This example demonstrates key aggregation using derived keys and
Original Flow counting. While some Original Flows may be generated
by Exporting Processes on forwarding devices, and therefore contain
the bgpSourceAsNumber and bgpDestinationAsNumber Information
Elements, Original Flows from Exporting Processes on dedicated
measurement devices without routing data contain only a
destinationIPv[46]Address. For these Flows, the Mediator must look
up a next-hop AS from an IP-to-AS table, replacing source and
destination addresses with ASNs.

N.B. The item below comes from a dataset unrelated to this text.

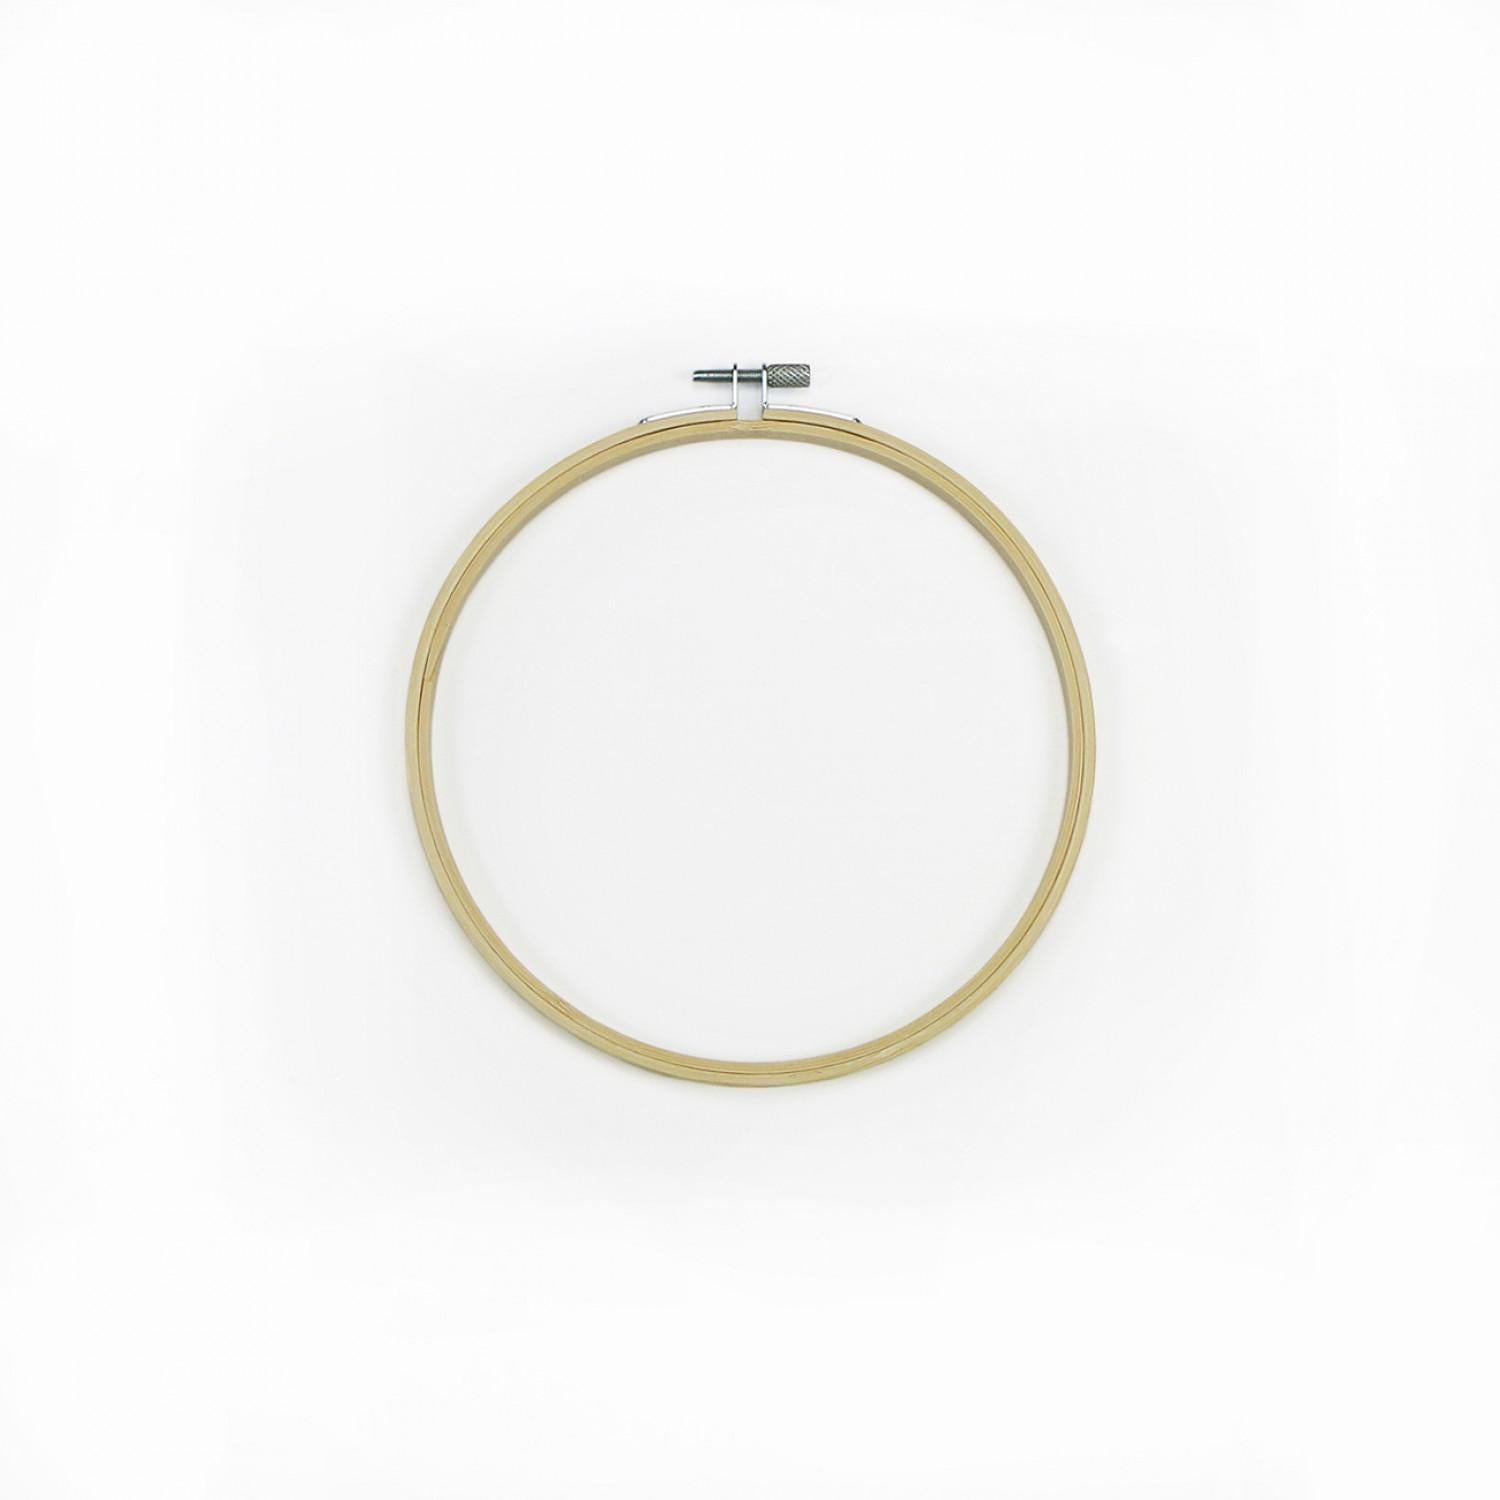 Bamboo Embroidery hoop 7 in

The table used in this example is
shown in Figure 17. (Note that due to limited example address space,
in this example we ignore the common practice of routing only blocks
of /24 or larger.)
prefix |ASN
192.0.2.0/25 64496
192.0.2.128/25 64497
198.51.100/24 64498
203.0.113.0/24 64499
Figure 17: Example ASN Map
The Template for Aggregated Flows produced by this example is shown
in Figure 18.
flowStartMilliseconds(152)[8]
flowEndMilliseconds(153)[8]
bgpSourceAsNumber(16)[4]
bgpDestinationAsNumber(17)[4]
octetDeltaCount(1)[8]
Figure 18: Output Template for Traffic Matrix
Assume the goal is to get 60-minute time series of octet counts per
source/destination ASN pair. The aggregation operations would then
be arranged as in Figure 19.
Original Flows
|
V
+-----------------------+
| interval distribution |
| * impose uniform |
| 3600s time interval|
+-----------------------+
|
| Partially Aggregated Flows
V
+------------------------+
| key aggregation |
| * reduce key to only |
| sourceIPv4Address + |
| destIPv4Address |
+------------------------+
|
V
+------------------------+
| key aggregation |
| * replace addresses |
| with ASN from map |
+------------------------+
|
| Partially Aggregated Flows
V
+-------------------------+
| aggregate combination |
| * sum octetDeltaCount |
+-------------------------+
|
V
Aggregated Flows
Figure 19: Aggregation Operations for Traffic Matrix
After applying the interval distribution step to the source data in
Figure 10, the Partially Aggregated Flows are shown in Figure 20.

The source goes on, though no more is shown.